[Raw data]
.....
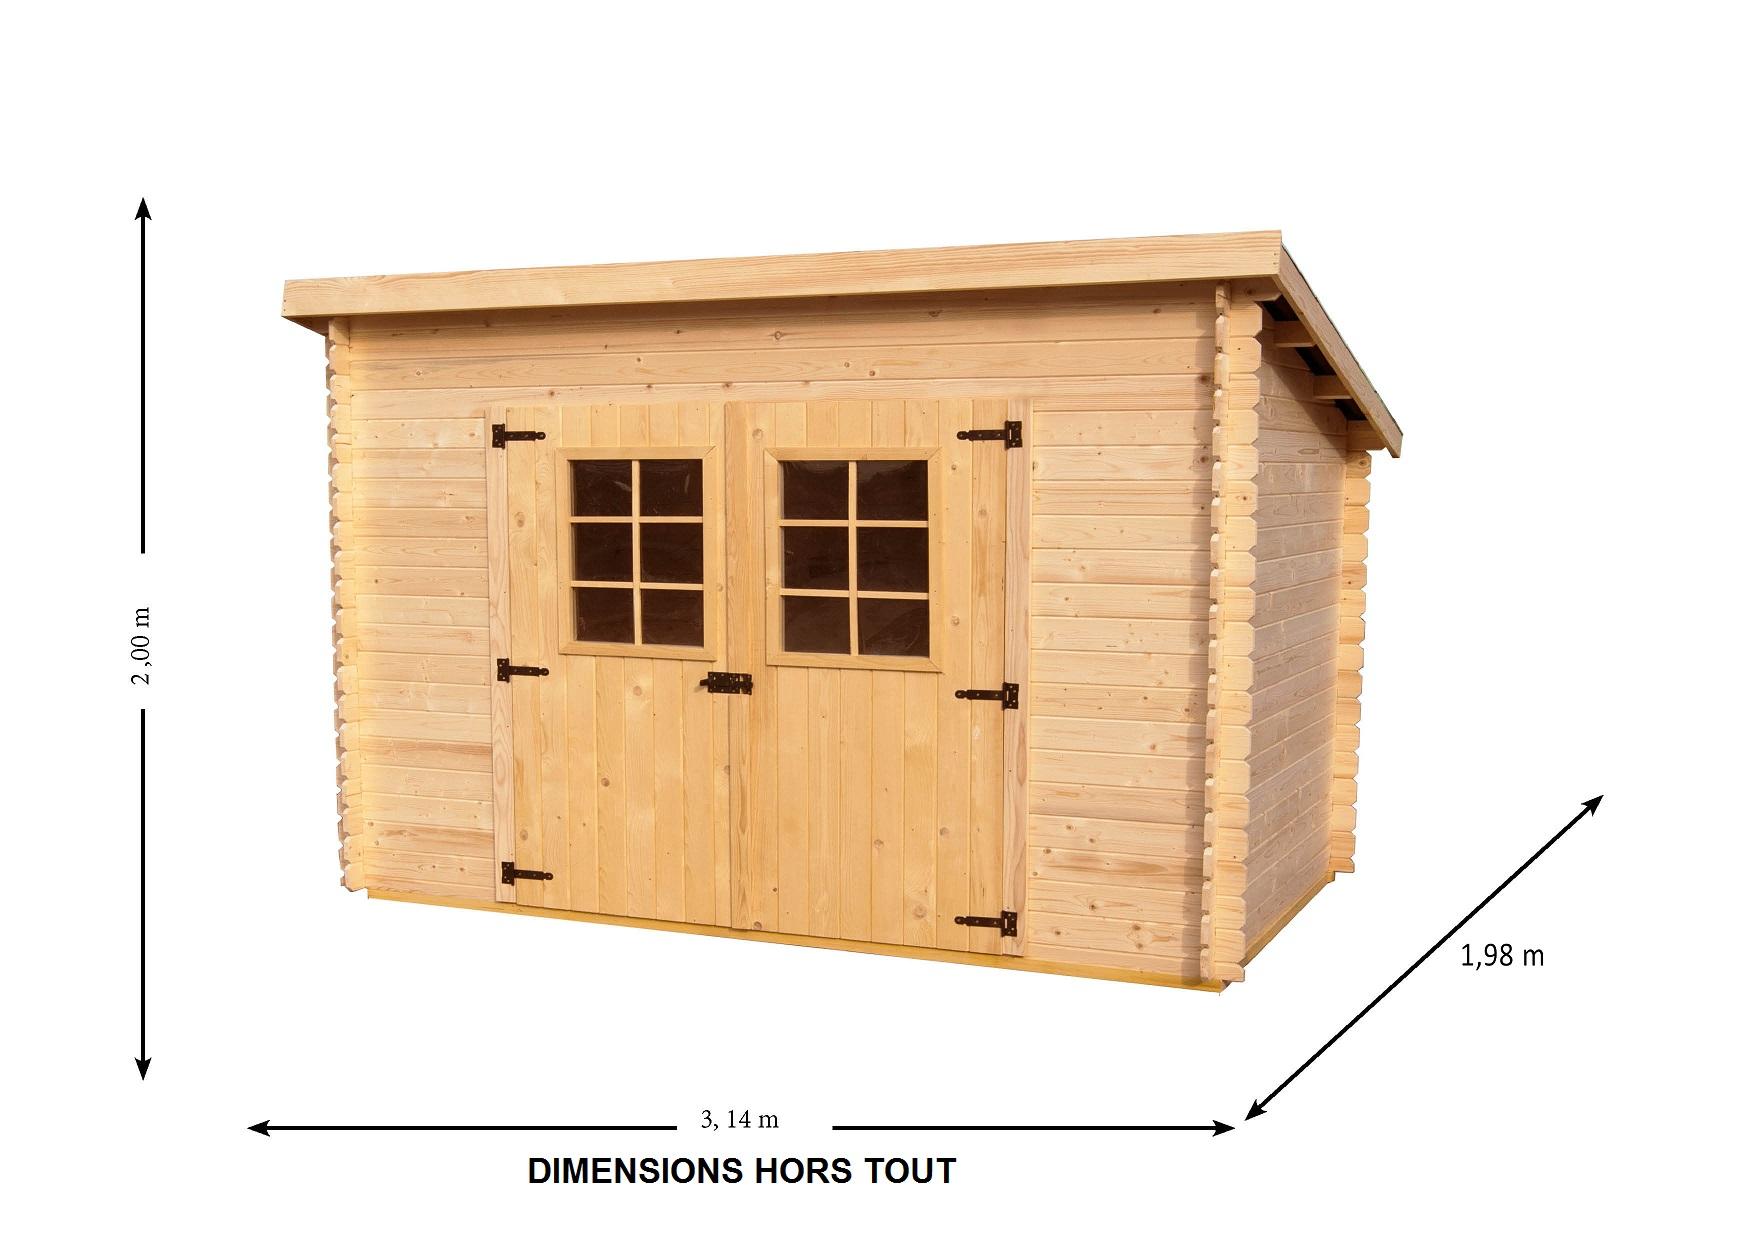 abri de jardin de 5m2 abri de jardin et balancoire id e. Black Bedroom Furniture Sets. Home Design Ideas
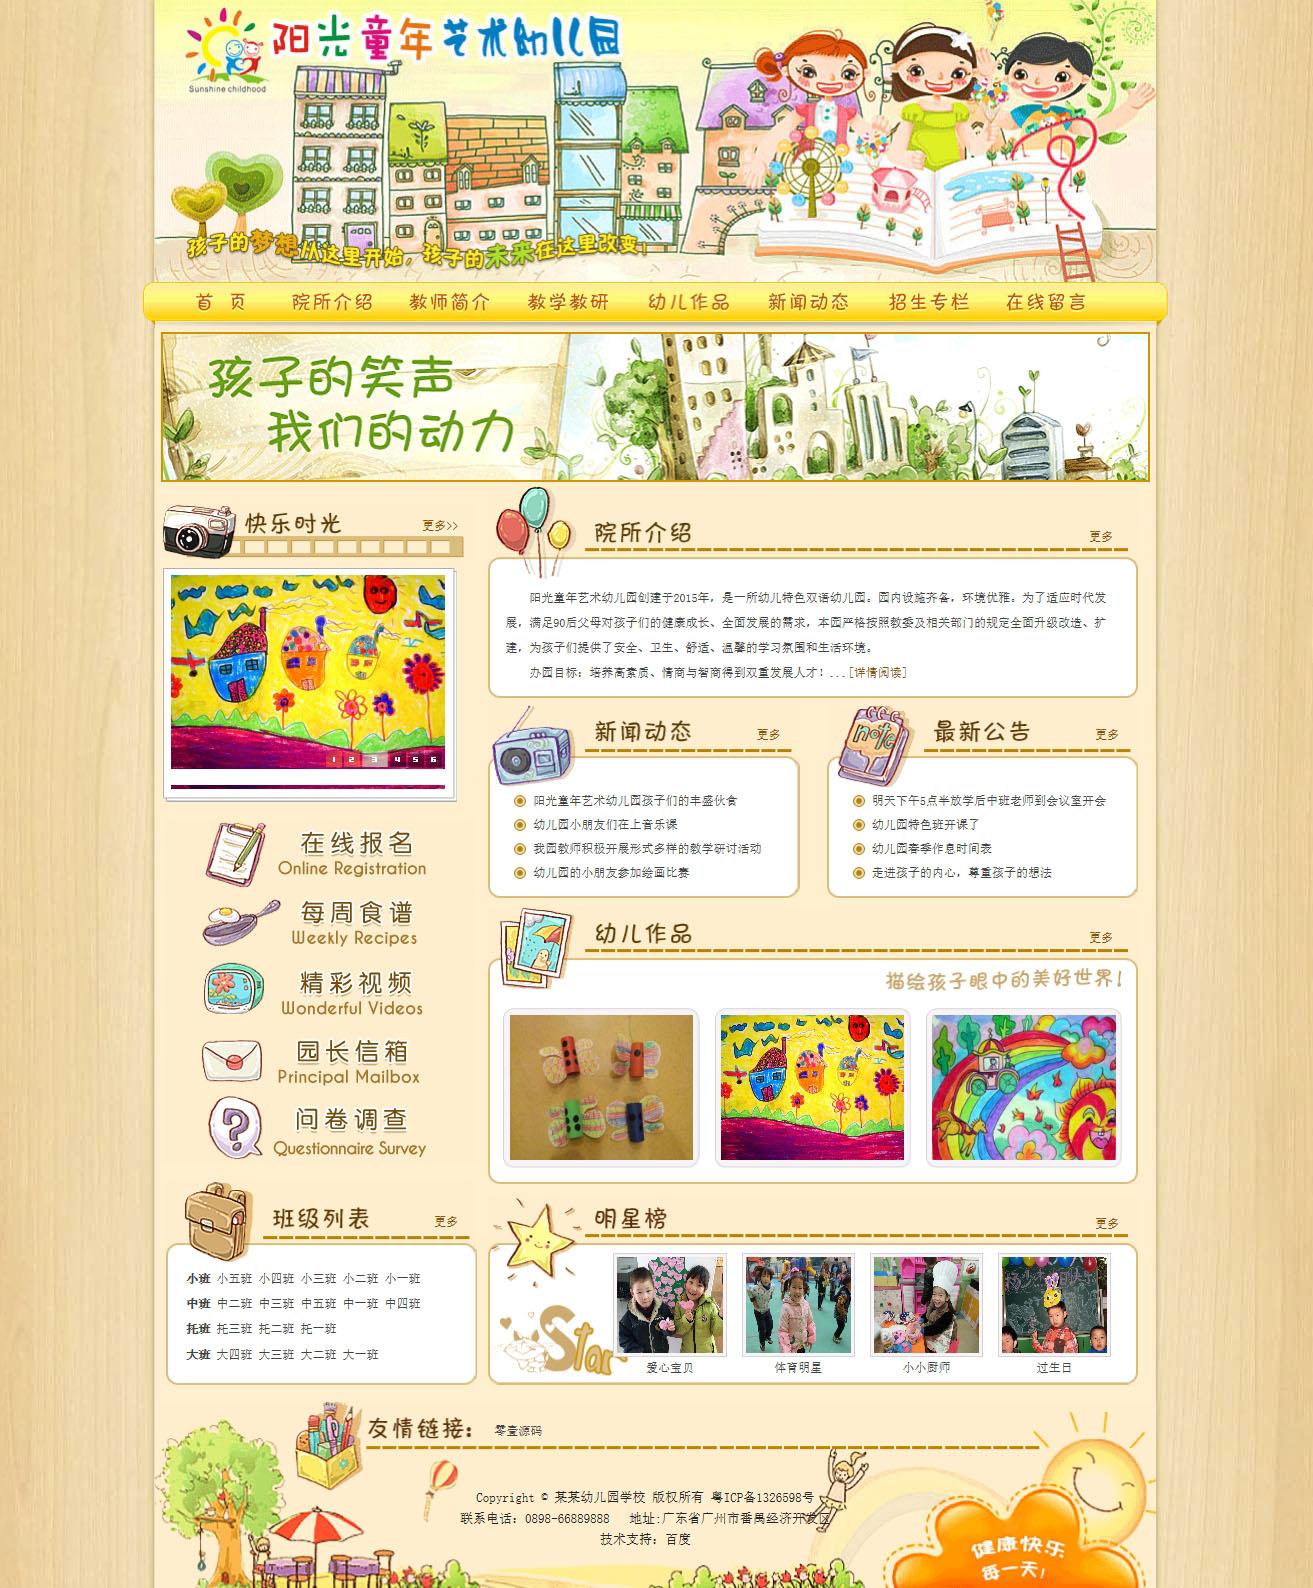 童年艺术幼儿园学校类网站dedecms模板(带手机端)
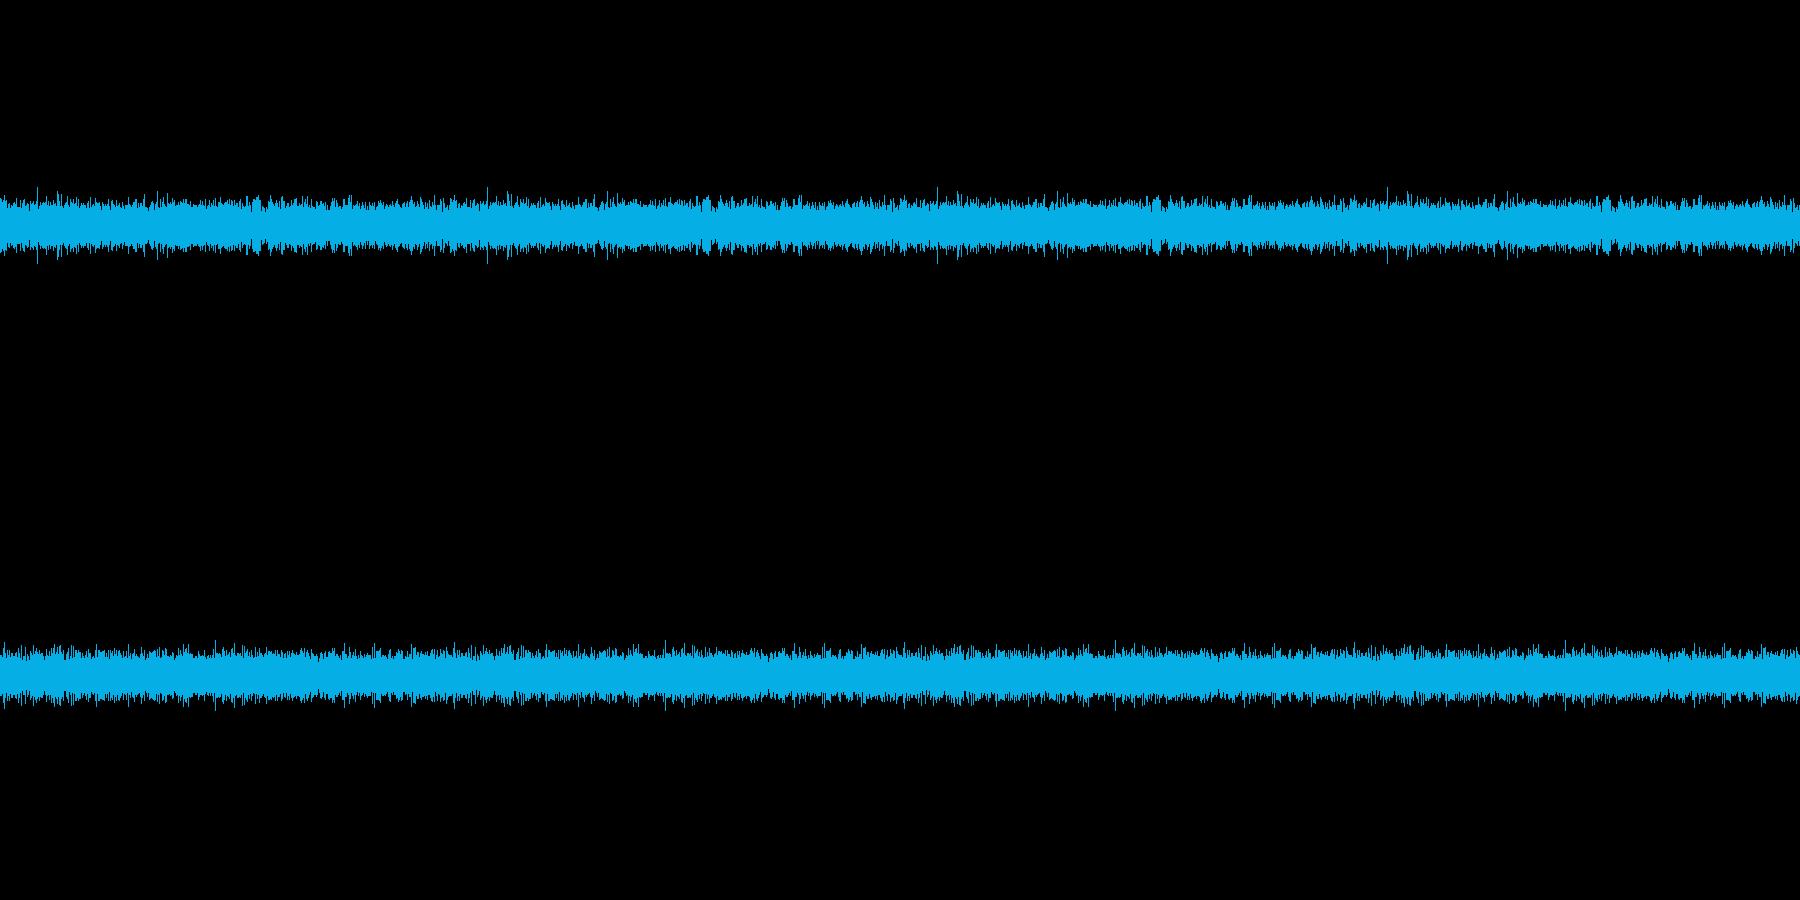 ASMR 音フェチApp用 ノイズ 3の再生済みの波形
.....
[Task to complete] Reproduce each line above exactly, but not a single picture.

[Answer section]
 abri de jardin de 5m2 abri de jardin et balancoire id e. Black Bedroom Furniture Sets. Home Design Ideas
 童年艺术幼儿园学校类网站dedecms模板(带手机端)
 ASMR 音フェチApp用 ノイズ 3の再生済みの波形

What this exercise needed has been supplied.